I found View Assist which looks like an amazing opportunity to eventually replace alexa-based devices in my home.
Ideally, with this setup I can keep everything local and run without any cloud.
However, it is a WIP, so it took a while to get it working for me. Thus, I am documenting my experience here in case it helps others. The View Assist setup guide is pretty good, but there were a few places where I got lost (i.e., on the satellite, the best way to setup is simply install the View Assist Companion App).
Hardware:
a) a desktop running docker desktop with a NVIDIA gpu
b) HA server
c) cheap android 14 device running View Assist Companion App
Setup:
-
Obviously a running HA system.
-
Setup LocalAI in a docker container using the command (debug so I can see the HA-passed queries):
docker run -ti --name local-ai -e DEBUG=true -p 8080:8080 --gpus all localai/localai:latest-aio-gpu-nvidia-cuda-12 -d -
Install the Home-LLM integration from HACS - configure access to my LocalAI system
3.1) in Home LLM integration Add Service to LocalAI, then Add Conversation agent for the Home-Llama-3.2-3B model.

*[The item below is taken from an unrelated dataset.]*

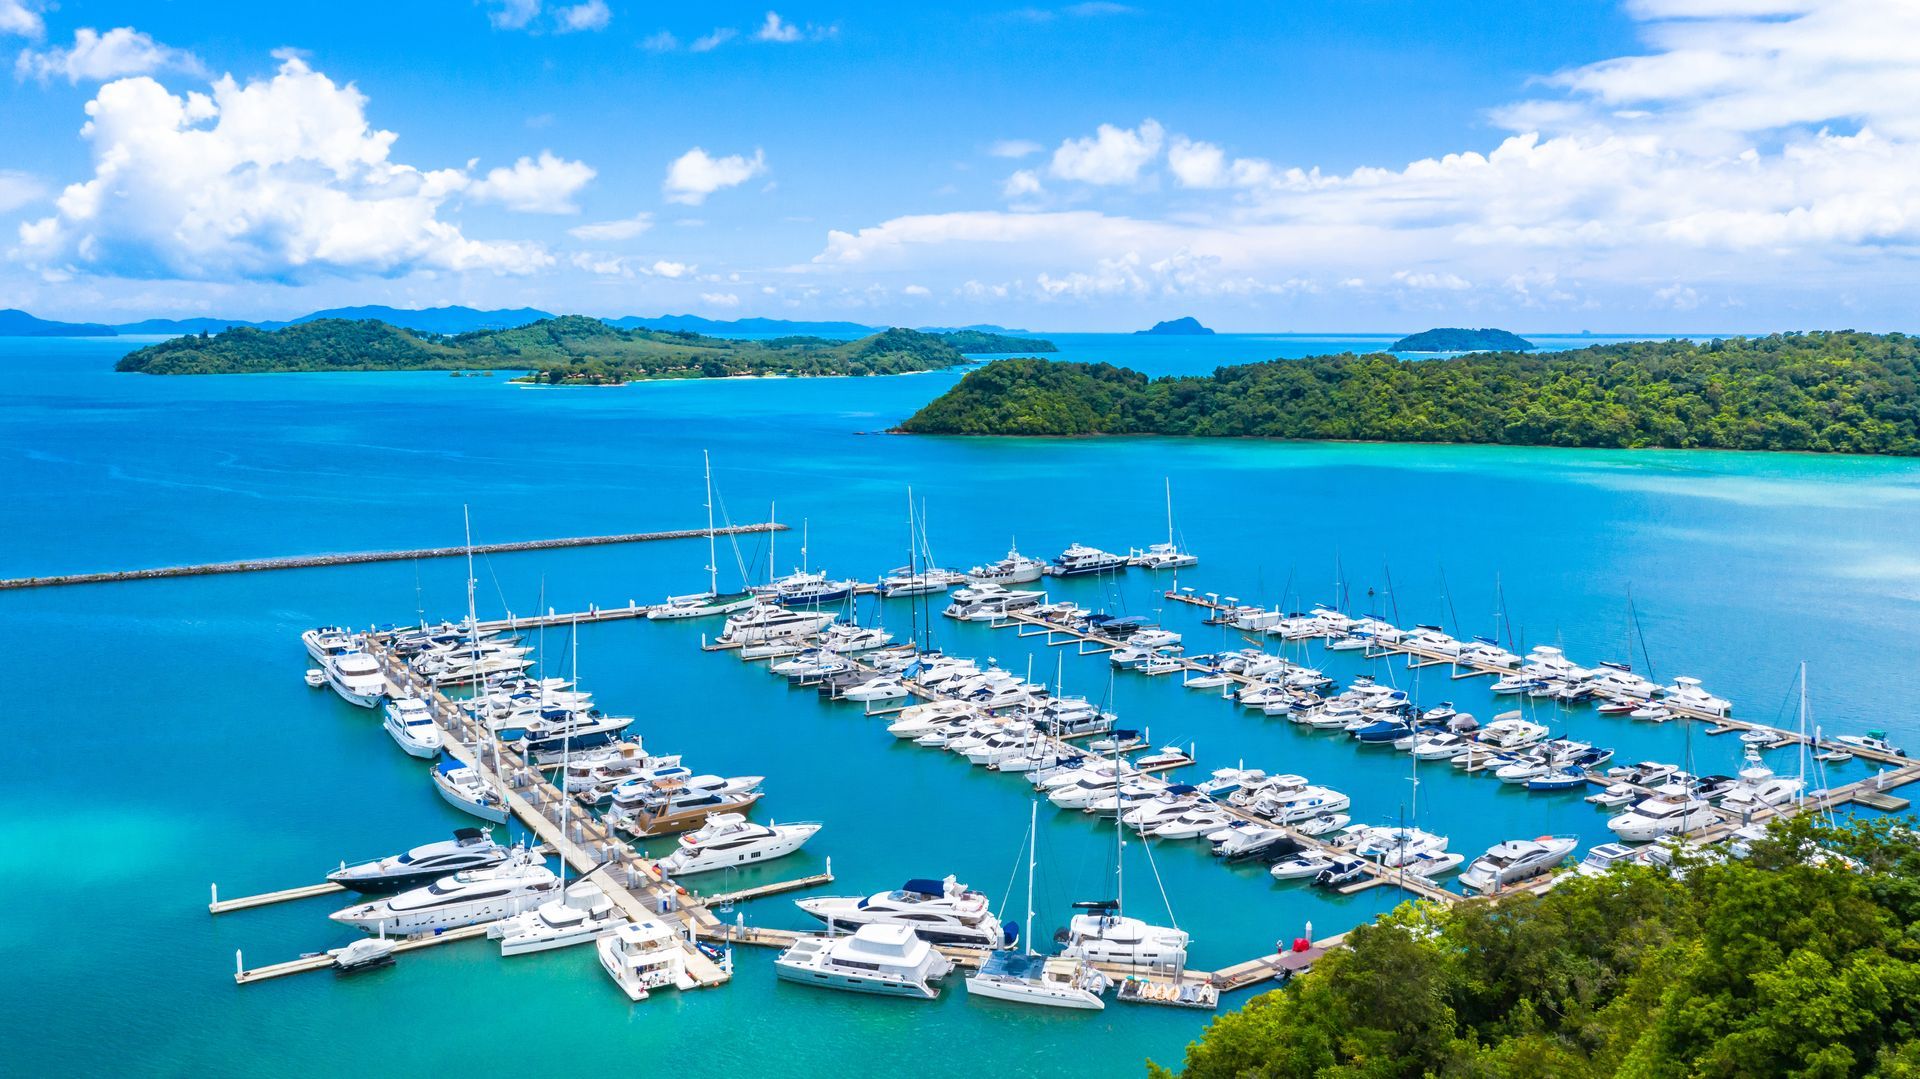 Beautiful port yachts and boats in marina bay with bulk internet and managed wifi, Aerial view of yachts and boat in the marina clear water with blue sky background

3.2) Add the model with “Selected LLM API” set to “Assist”, “Enable Legacy Tool Calling” checked, “Refresh System Prompt Every Turn” On, rest at default. -
Setup an assist pipeline with wyoming-piper and wyoming-whisper (I eventually moved these to docker to take advantage of the gpu, but not necessary).
-
Configure View Assist integration (follow setup guide here)
-
Configure View Assist Companion App integration
Steps 2 and 3 above required a lot of trial and error on my part. I tried a bunch of different models, but the one I got working the best was from Home-LLM’s suggested setup - model file: Home-Llama-3.2-3B
Since the model is not in Local-AI’s directory, I also had to setup a config file which was copied from another llama config and I had to double the context_size: 16384 to allow for all of the prompt data not to choke the LLM.
Once these files are placed in LocalAI’s /models directory, need to restart the container so it reads them.
With my RTX 4060Ti responses are often faster than what I get from alexa < 3 seconds.
It is a little buggy, but pretty darn close to production ready for me.
It does timers, shopping list, device control, tells jokes, does math, etc.